Ich hatte als Privatperson eine Bestellung über das Internet bei einer Verlags-GmbH aufgegeben und habe in dessen Bestellformular meine Wohnadresse und die separate Lieferadresse angegeben (leider hatte das Formular vom Verlag keine getrennten Felder, ebenfalls erhielt ich keine Bestellbestätigung per Rückmail vom Verlag). Ich gebe grundsätzlich Liefer- und Wohnadresse getrennt an und habe einen Zeugen, der mir bestätigen kann, dies auch bei o.g. Bestellung getan zu haben.
Die Bestellung wurde an die Lieferadresse (meinen Arbeitsplatz) gesendet - ich war aber inzwischen in Urlaub, hatte keine Mitteilung der Sendung und bekam auch keine Rechnung an meine Wohnadresse zugesandt. Als ich während meines Urlaubs zur Arbeitsstelle (Lieferadresse) kam, lag dort bereits eine Mahnung des Verlages, die ich durch die zu späte Kenntnis zwar bezahlt, aber eben nicht mehr rechtzeitig bezahlen konnte.

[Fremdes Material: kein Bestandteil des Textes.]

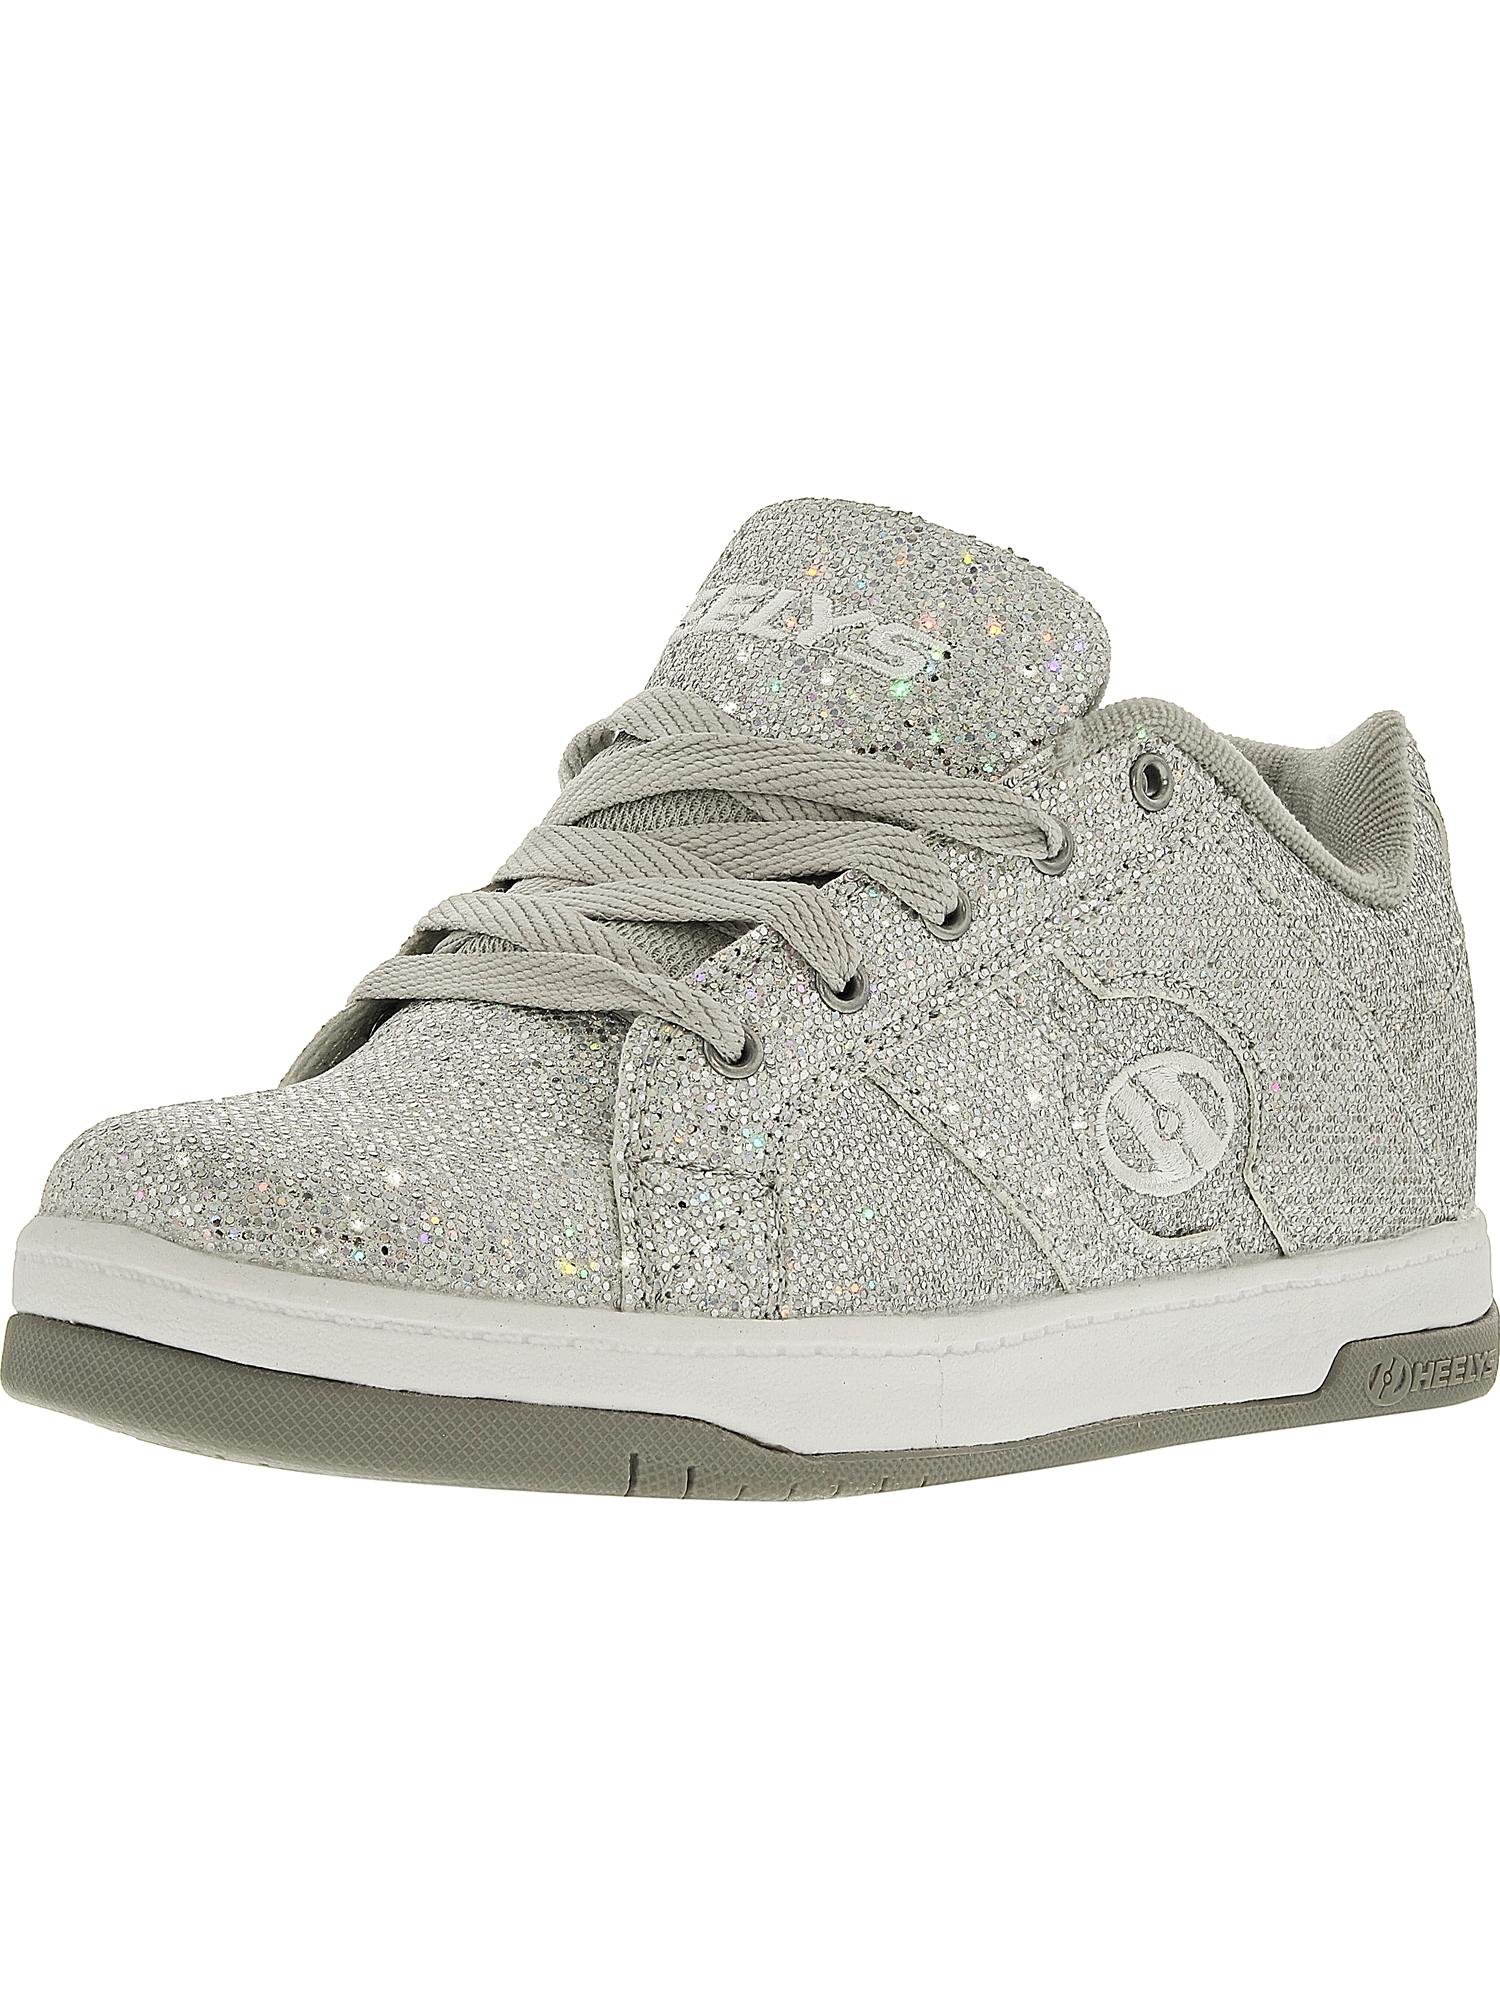 Heelys Split Silver Disco Glitter Ankle-High Fashion Sneaker - 5M
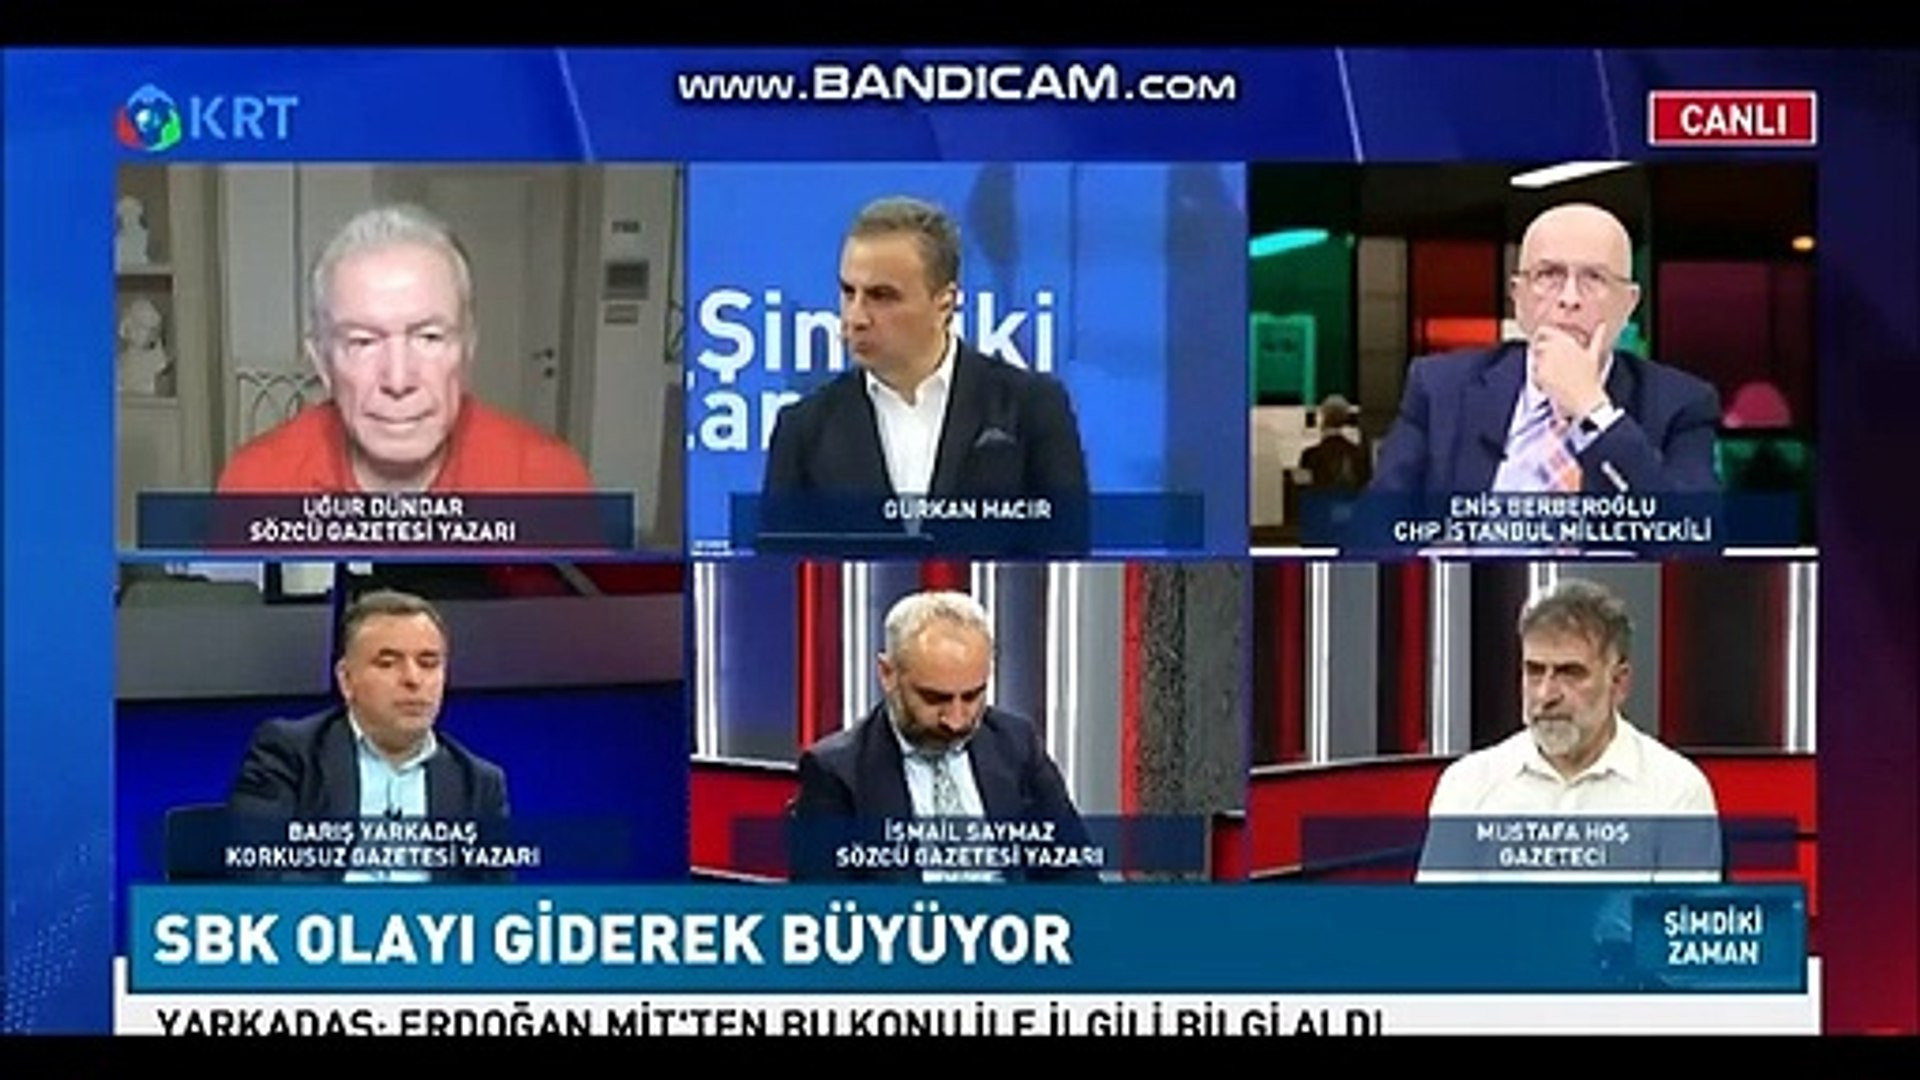 Canlı yayında olay iddia: ''Erdoğan, Soylu'nun üstünü çizdi''

Nach Ende meines Urlaubs hatte ich dann am Arbeitsplatz (Lieferadresse) zwei Forderungen eines Inkassounternehmens, die letztere bereits ohne die Grundforderung des Verlages, also nur noch die Inkassogebühren.
Zusatzfrage:
Kann ich die Gebühren des Inkassounternehmens zahlen und diese vom Verlag zurück verlangen plus die Kosten Ihrer rechtsanwaltichen Beratung plus Aufwendungspauschale in Höhe von (wieviel)?
Ich habe die Befürchtung, dass sich der Streit hinzieht und weitere Gebühren des Inkassobüros anfallen würden. Ebenfalls will ich einen Mahnbescheid vermeiden.